As an author of historical fiction, I know that research breathes life into my books. So for me, taking what could be boring facts from a history book and turning them into a story filled with love, mystery, and adventure is very much like an artist painting a picture. The “colors” I use are little details about places and people from long ago, sprinkling them throughout the book as I go. For instance, while attempting to bring the Maxwell House Hotel to life through the pages of my novel, I studied pictures and read countless descriptions—personal and historical—in order to get it right. But what makes the hotel become a real place to readers (at least I hope so!) is when the characters experience the setting.
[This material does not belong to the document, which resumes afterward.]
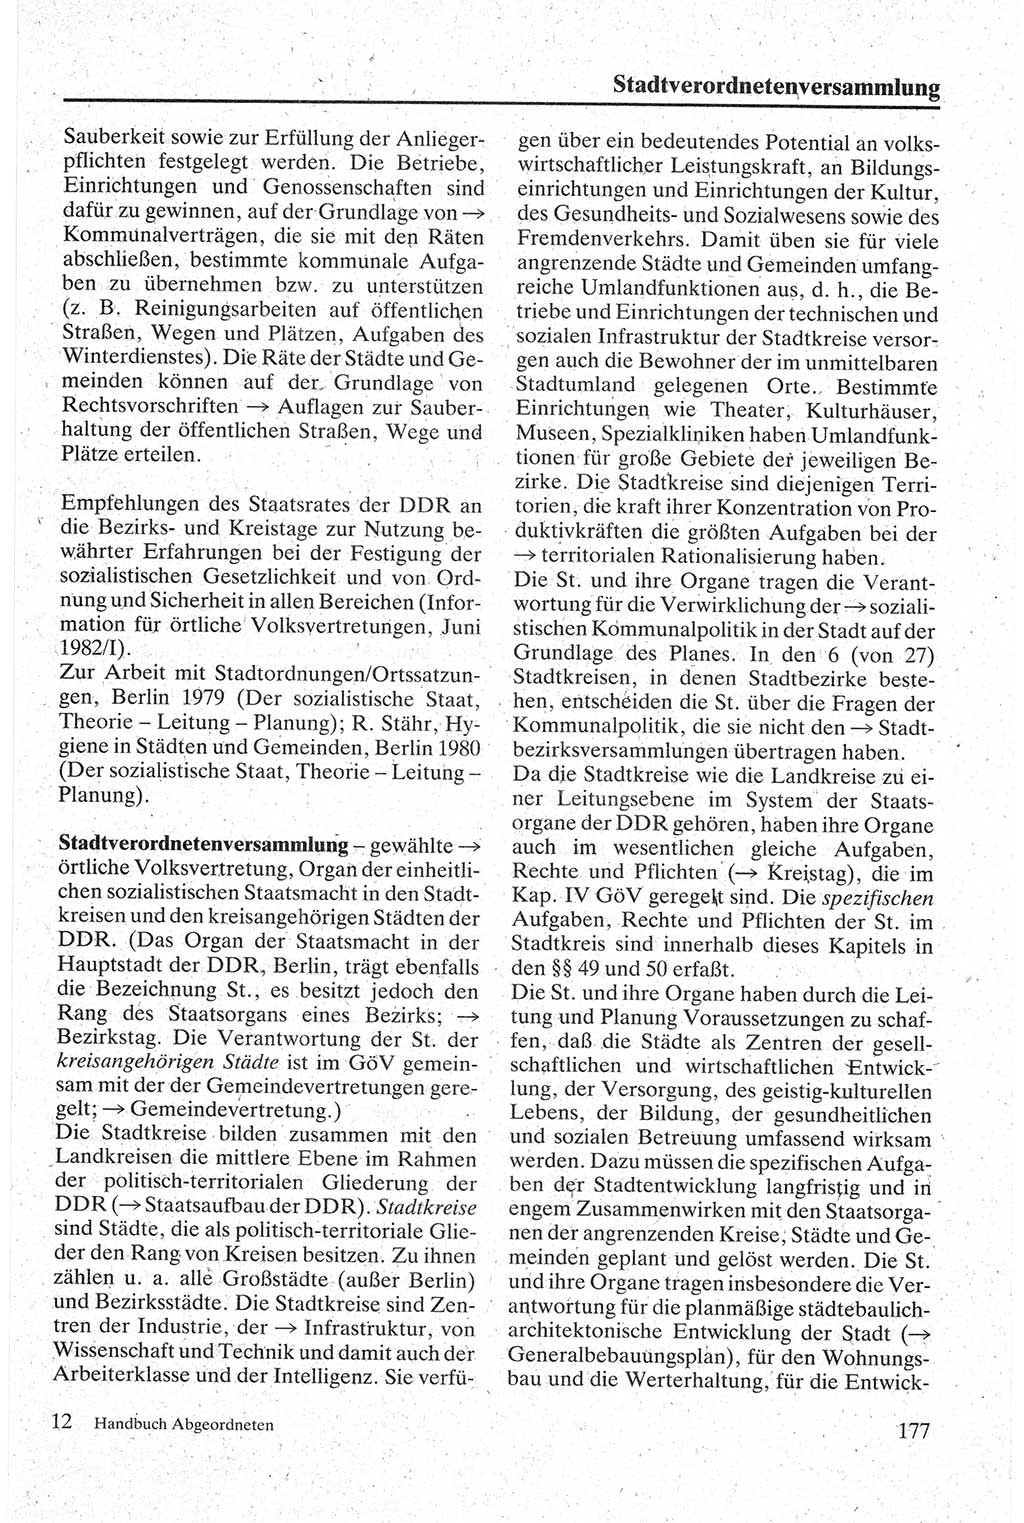 Handbuch für den Abgeordneten [Deutsche Demokratische Republik (DDR)] 1984, Seite 177 (Hb. Abg. DDR 1984, S. 177)

Priscilla takes us through the grand lobby, the elegant ballroom, and the cozy confectionary where she enjoys a certain dessert that gets the attention of a handsome Italian man. Including various foods, scents, and even music in the story also adds “colors” to the portrait I’m trying to create.
As a Nashville resident, I’m excited to read the book! What contemporary and historical settings do your characters “visit” in this story?
The most famous building from the 1897 Tennessee Centennial Exposition—the full-scale replica of the Parthenon—still exists. When the expo buildings were constructed, temporary materials were used. After the six-month run of the expo, nearly all the buildings were torn down or moved to other locations. Only the Parthenon was left standing. In 1920, the city took measures to permanently preserve the awe-inspiring building, replacing deteriorating temporary materials with concrete. Today, it is the magnificent centerpiece of Centennial Park, right in the heart of Nashville. Readers of Count the Nights by Stars can stroll around Lake Watauga just as Priscilla and Luca did on that fateful starry night in 1897.
Although the Maxwell House Hotel is no longer there, the Noel Hotel—or Noelle, as it is now called—stands in the same place it did when Audrey and her family lived at the Maxwell. Most of the downtown Nashville shops and businesses from 1961 are long gone, but visitors to the city can still walk down the streets and along Printer’s Alley and imagine how it might have looked a week before Christmas, with colorful lights crisscrossing overhead.
Thanks, Michelle! It’s great to have you back at Divine Detour.